Like you I've developed an interest in these machines but have yet to secure the funds and honestly I'm in need of other tools. So I've been collecting stuff to eventually just make one of my own design. Well one built out of the collection of parts I'm building up. Mechanically the machines are very simple so with access to machine shop equipment you can easily build something out of your imagination.
Originally Posted by Tin Falcon
There have been a fair amount of 3-d printers at some of the ME shows. And I have a friend that has done some amazing things w 3d printer. . He is a retired college instructor. I need to stop in I drive by his house daily. I probably need to ask more questions.
A 3-D printer is a tool. what you can do with it is only limited by imagination and the time and effort used to learn how to use it. what is the use of a mill or lathe in a hobby shop??
Actually that is mentioned in the context of anything CNC related. People just don't understand the flexibility of CNC in general. More interesting is the fact that 3D printing via methods other than extrusion are becoming very affordable and accessible. Patents running out help this by making these machines more widely available.
IMHO 3-D printing is in the toddler stage. Past infancy but still in development.
At our end of the market that is certainly the case. At the other end of the market you have NASA printing rocket parts in metals. There is an incredible range of capabilities here.
Apparently these things will make toys candy chocolate wax patterns etc.
If a 3-D printer can make parts to build a 3-d printer there is potential.

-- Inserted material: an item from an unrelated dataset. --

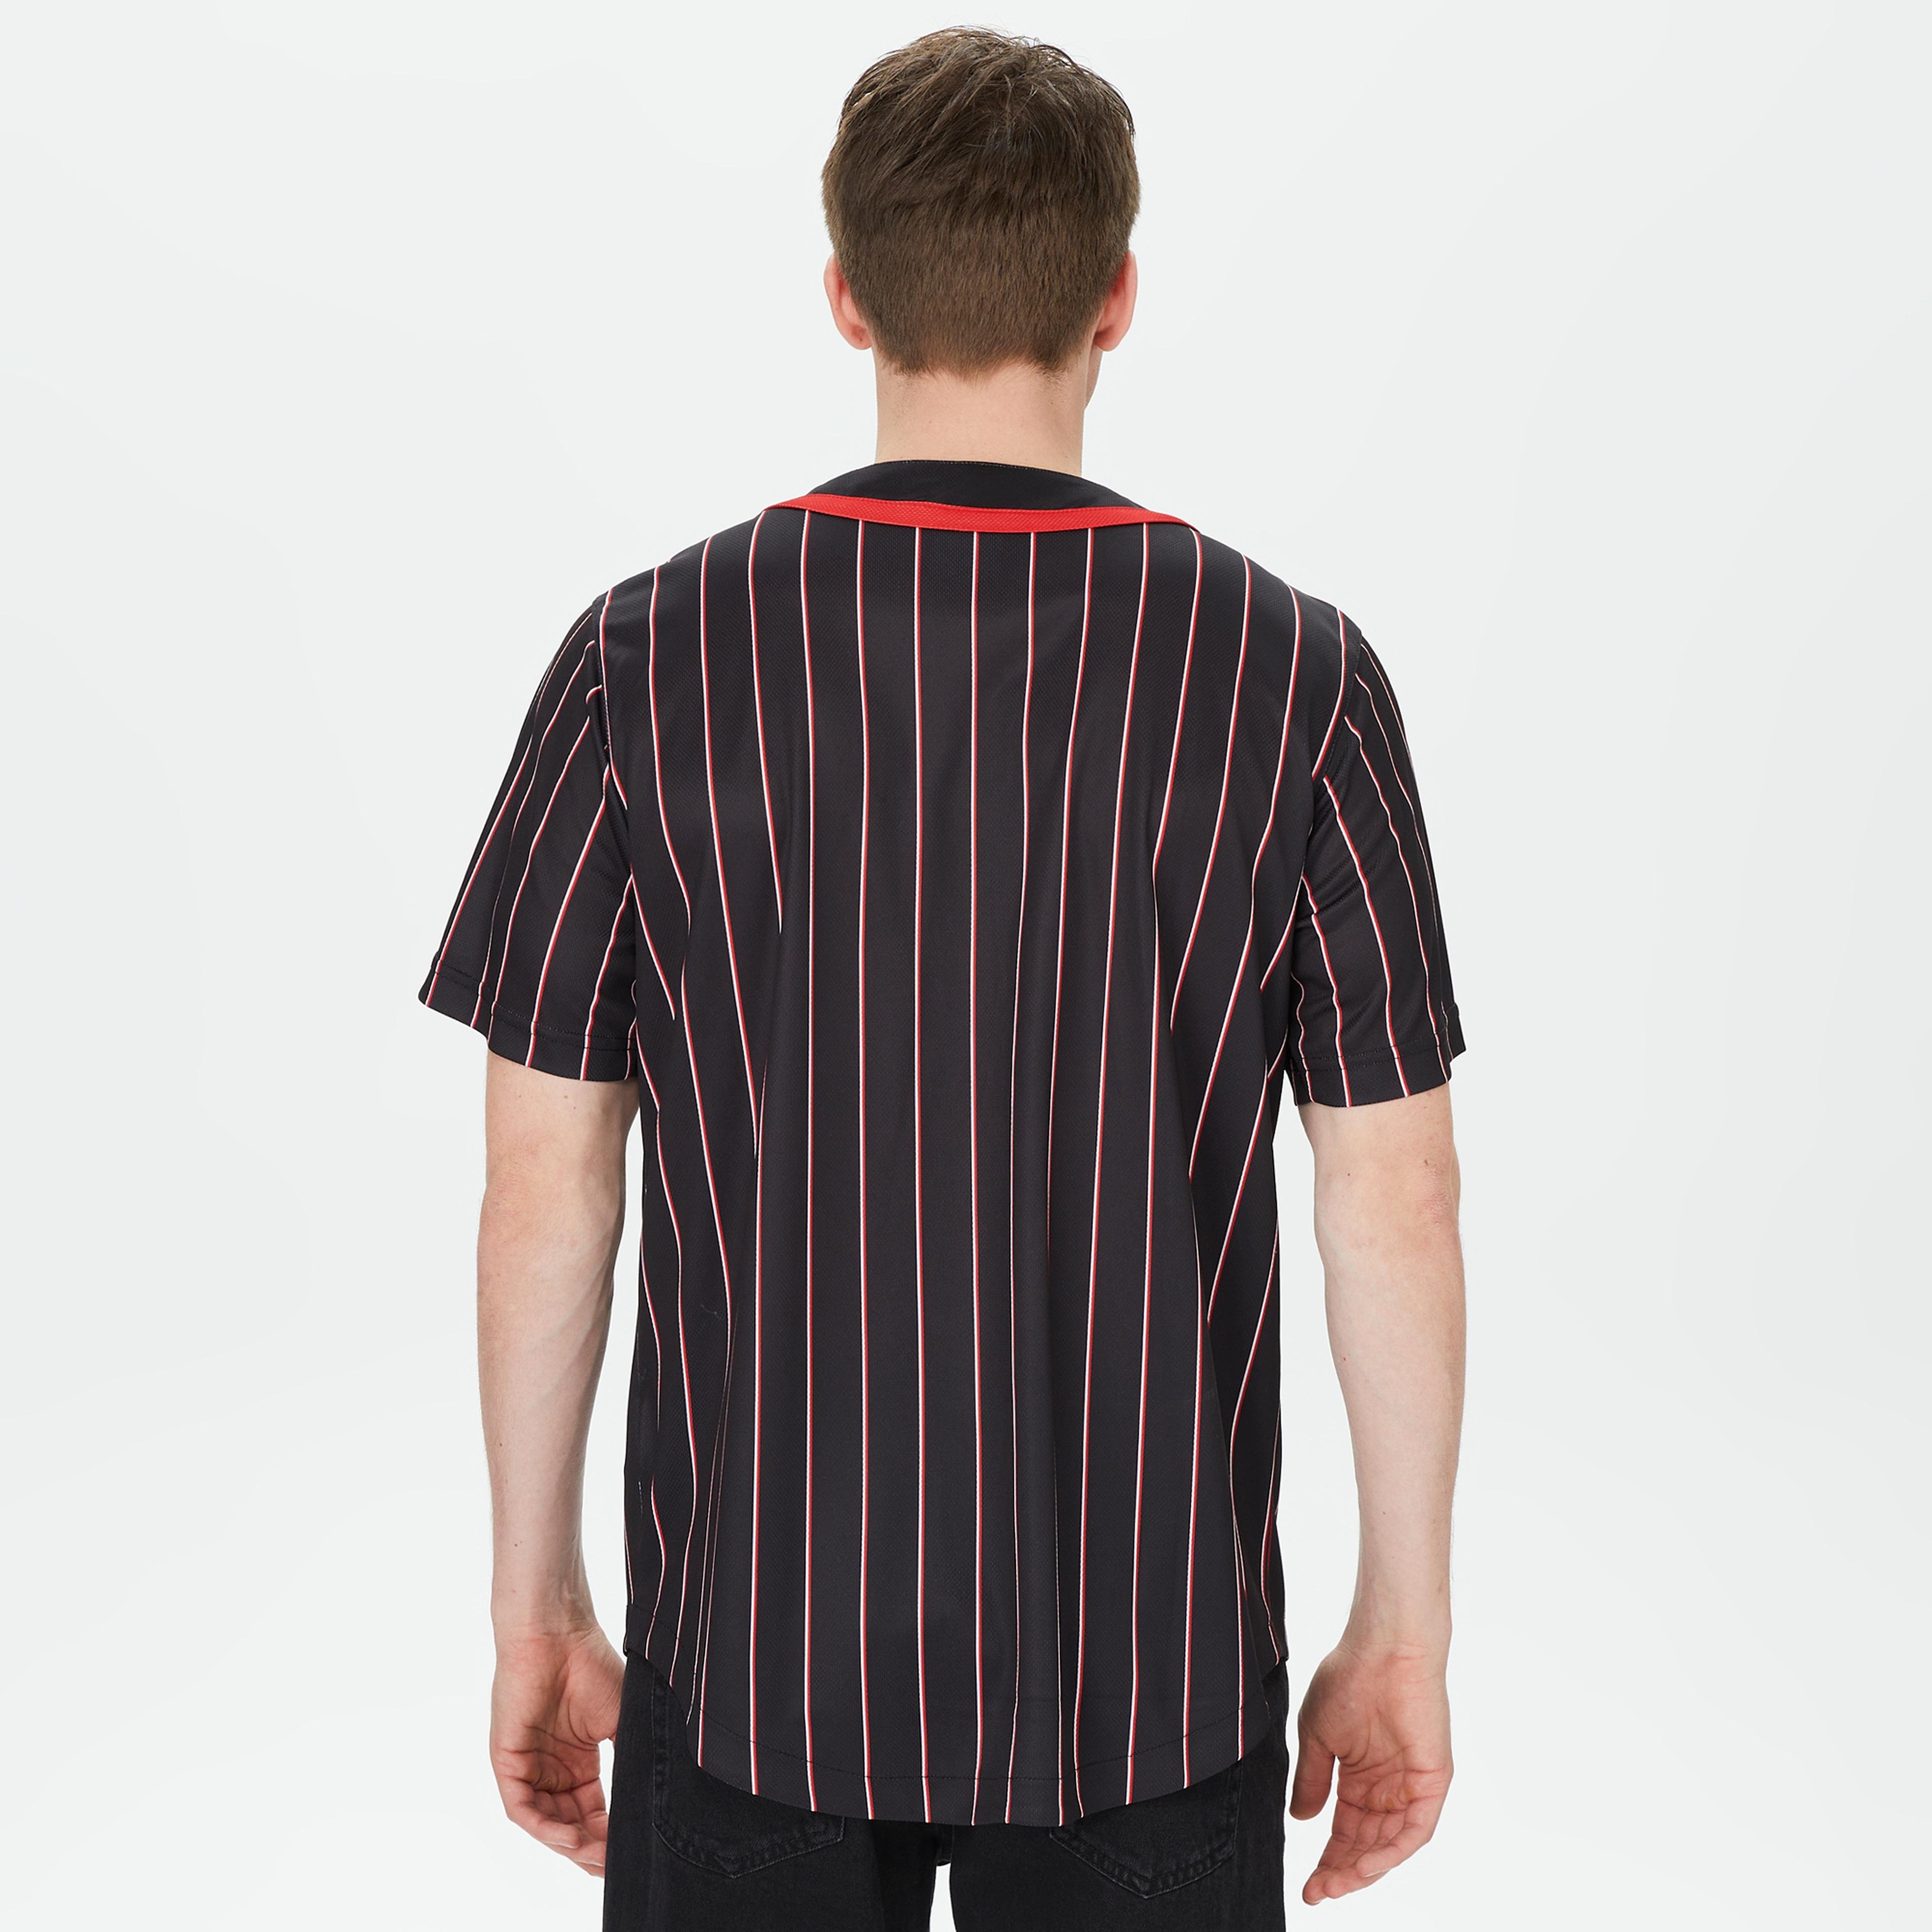 Karl Kani Serif Pinstripe Baseball Erkek Siyah/Kırmızı/Beyaz Gömlek

A lathe is touted for self replicating.
I am trying to decide if a 3-D printer is right for me. And which one .
Well honestly you probably won't know until you have had the machine for awhile. I've had a strong desire for a CNC router for some time too, it can be frustrating because you can't have both. Well at least not without blowing your budget.

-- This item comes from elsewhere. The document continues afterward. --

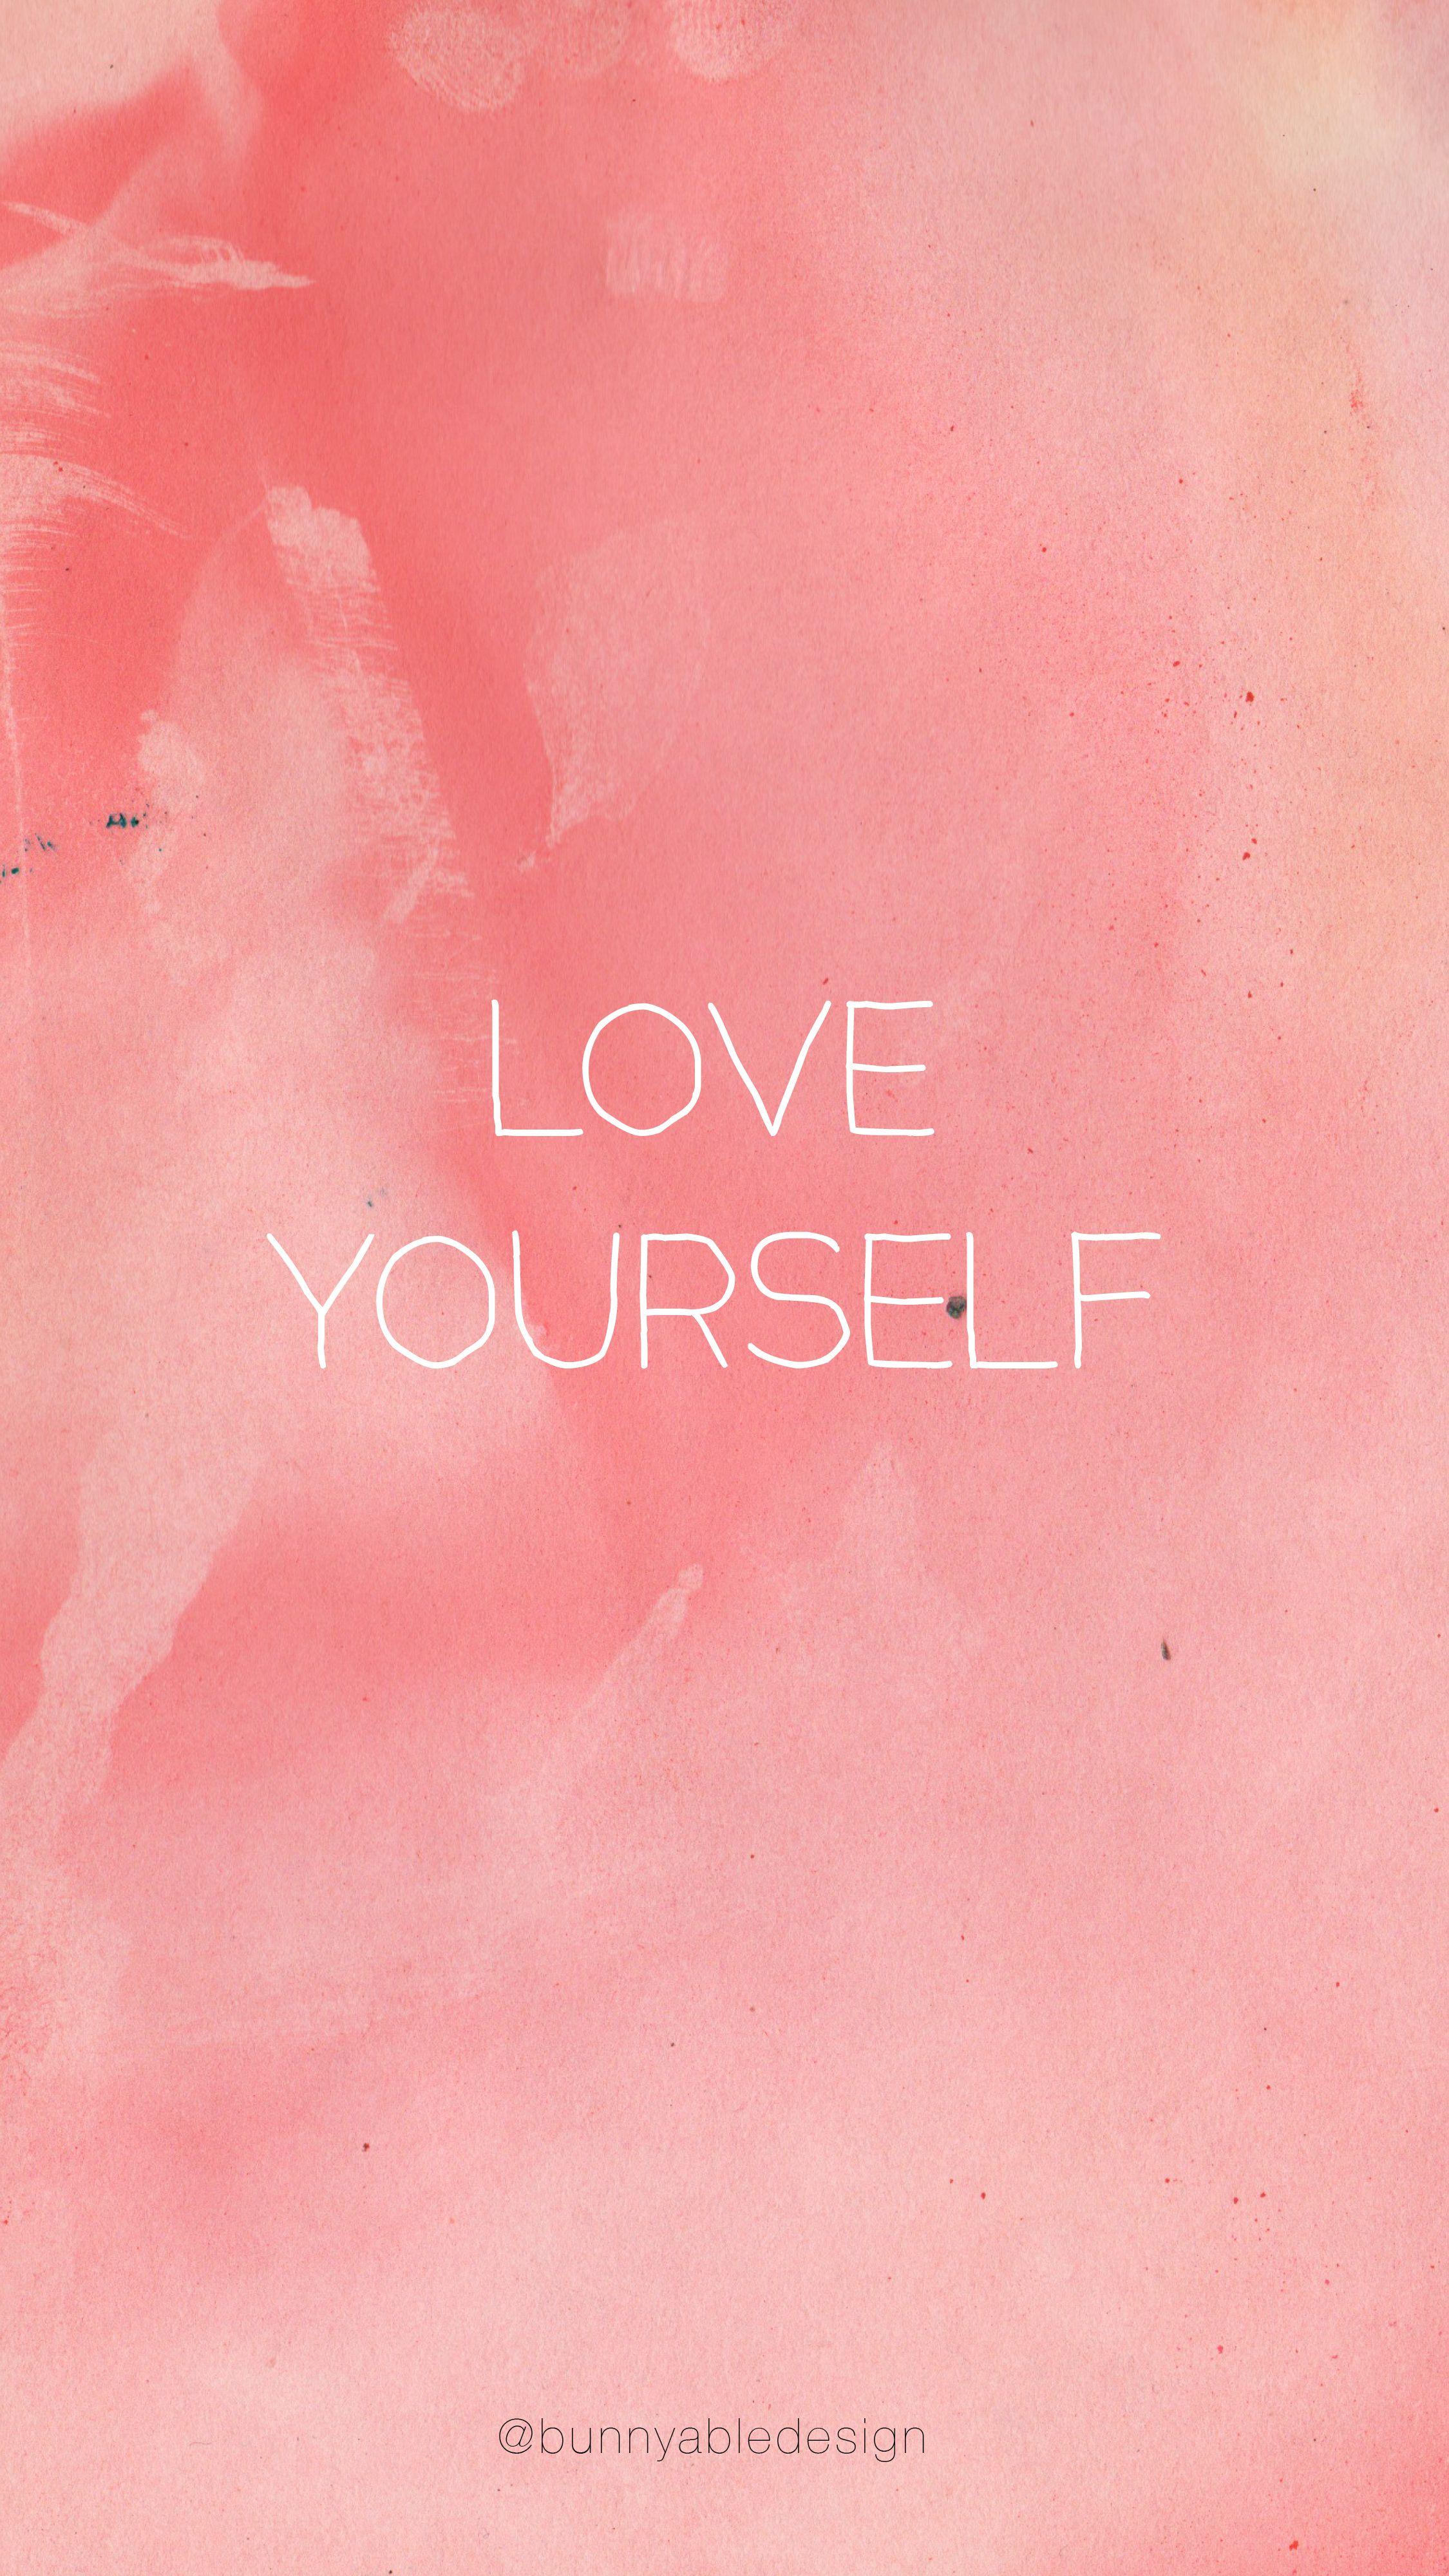 Love yourself ❤ #wallpaper #iphone. Wallpaper iphone love

As far as which one, the one you design and build yourself will likely be the most cost effective. It isn't impossible and can allow you to leverage stuff laying around. One thing to keep in mind is that you are not building a machine to cut anything (metal, plastic wood) thus there is no need for lots of mass. The axis also move relatively fast so mass control is important in that regard. This is also why uncommon building materials can often be used in the machines, Baltic birch ply for example is plenty stiff enough for a cheap 3D printer. Further the Reprap folks use plastic where no self respecting machine tool builder would have ten years ago. Keep in mind the application and alternatives begin to look far more feasible.

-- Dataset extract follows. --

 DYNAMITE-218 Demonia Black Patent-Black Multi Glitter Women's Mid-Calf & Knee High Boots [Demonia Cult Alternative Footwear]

There is a lot of appeal to kits but for most people in these forums they are awfully expensive considering we already have most of the machining capability required. You look at many of the kits and it is like what is here that cost so much. So maybe a look at your scrap heap might inspire you to see some of that stuff as a printer. Most(many) of these machines are belt driven so a good portion of your linear motion hardware is pretty simple. In the end there are so many designs out there already that you have plenty of ideas to draw from.
Just an idea here, I just hate spending lots of money for very little. If DIY machine tools isn't your thing I can understand, but it is worth a thought. You might be surprised to find what you already have laying around that could go to a 3D printer.